Distributed Cloud: The subcloud standby controller remain offline after install
Affects | Status | Importance | Assigned to | Milestone | |
---|---|---|---|---|---|
StarlingX |
Fix Released
|
Medium
|
Joseph Richard |
Bug Description
Brief Description
-----------------
In a Distributed Cloud system, the subclouds standby controller remains offline after the initial install. After the active side was booted and configured successfully, the standby controller was booted from the activate controller but remained offline, after the boot was completed. As a result, the subcloud install could not be configured
Severity
--------
Minor
Steps to Reproduce
------------------
1) Bring up DC system Controller
2) Attempt to add a multi-node subcloud by booting active controller first
3) Bring up the standby controller by net booting from the Active controller.
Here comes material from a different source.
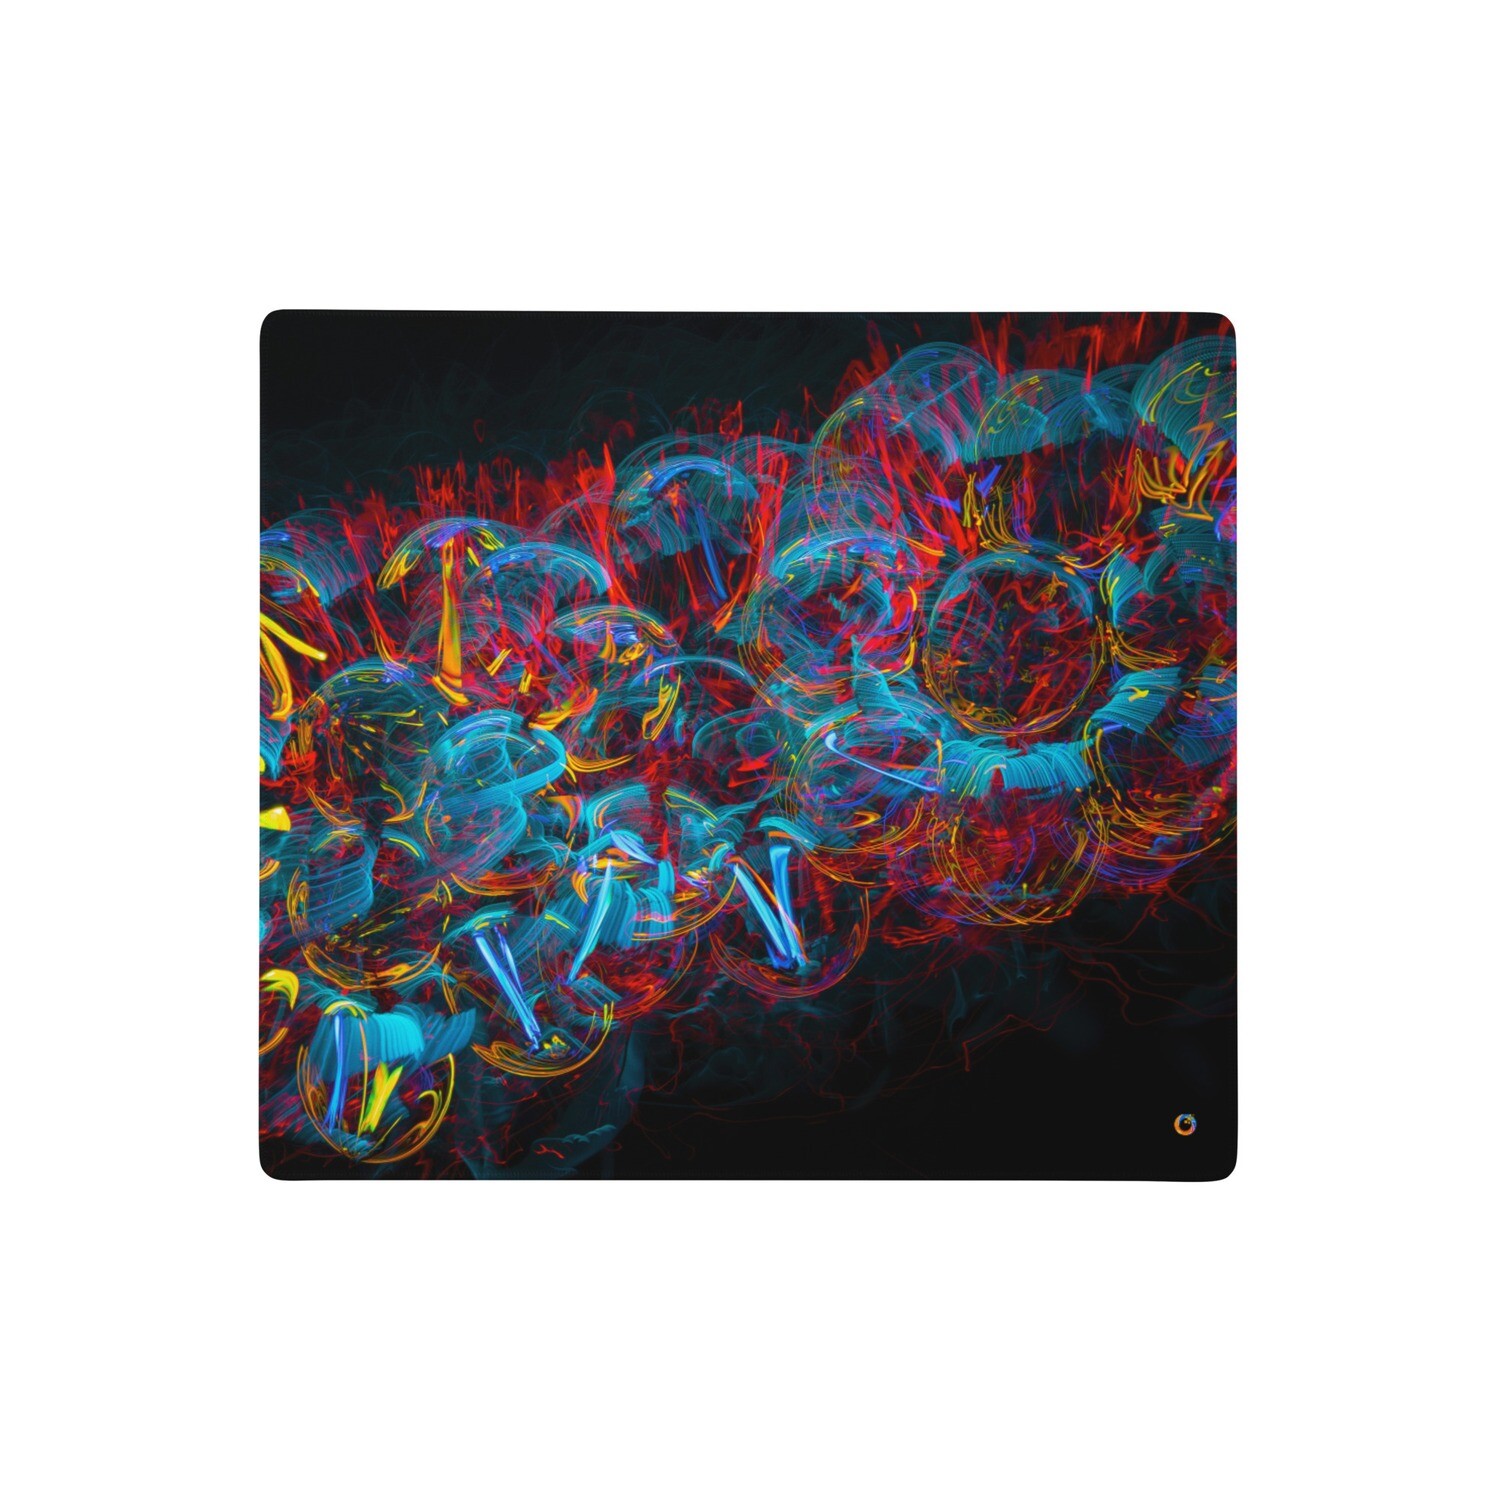 Gaming mouse pad #83

4) The standby controller remain offline after the install completes
Expected Behavior
------------------
The subcloud standby controller to become online after initial install
Actual Behavior
----------------
The subcloud standby controller remain offline even after successful install
Reproducibility
---------------
first attempt
System Configuration
-------
All-in-one duplex plus worker, DC system controller
Branch/Pull Time/Commit
-------
2019-12-13_19-03-42
Last Pass
--------
Last successful install on DC was using 2019-12-08_20-00-00
Timestamp/Logs
--------------
Test Activity
-------------
DC install
Workaround
----------
Only issue the subcloud manage command when all nodes on the subcloud are fully configured and are in an unlocked enabled state
Changed in starlingx: | |
assignee: | nobody → Joseph Richard (josephrichard) |
tags: | added: stx.distcloud |
tags: | added: stx.4.0 |
Changed in starlingx: | |
importance: | Undecided → Medium |
status: | New → Triaged |
tags: | added: stx.retestneeded |
tags: | removed: stx.4.0 stx.distcloud stx.retestneeded |
tags: | added: stx.4.0 stx.distcloud |
When a subcloud is managed, this results in the certificates being propagated down to that subcloud. This in turn triggers force-applying the runtime manifest, which will generate hieradata for all nodes, even if the nodes have not been inventoried (by sysinv-agent) yet. This hieradata will have an incomplete interface configuration, with only the loopback interface present.
When those nodes (that were previously not inventoried) finish installing and come up the first time, they will check for the existence of the hieradata, and because it exists, try applying it. This will update the network config with only the loopback interface present, resulting in the node going offline and losing all network connectivity.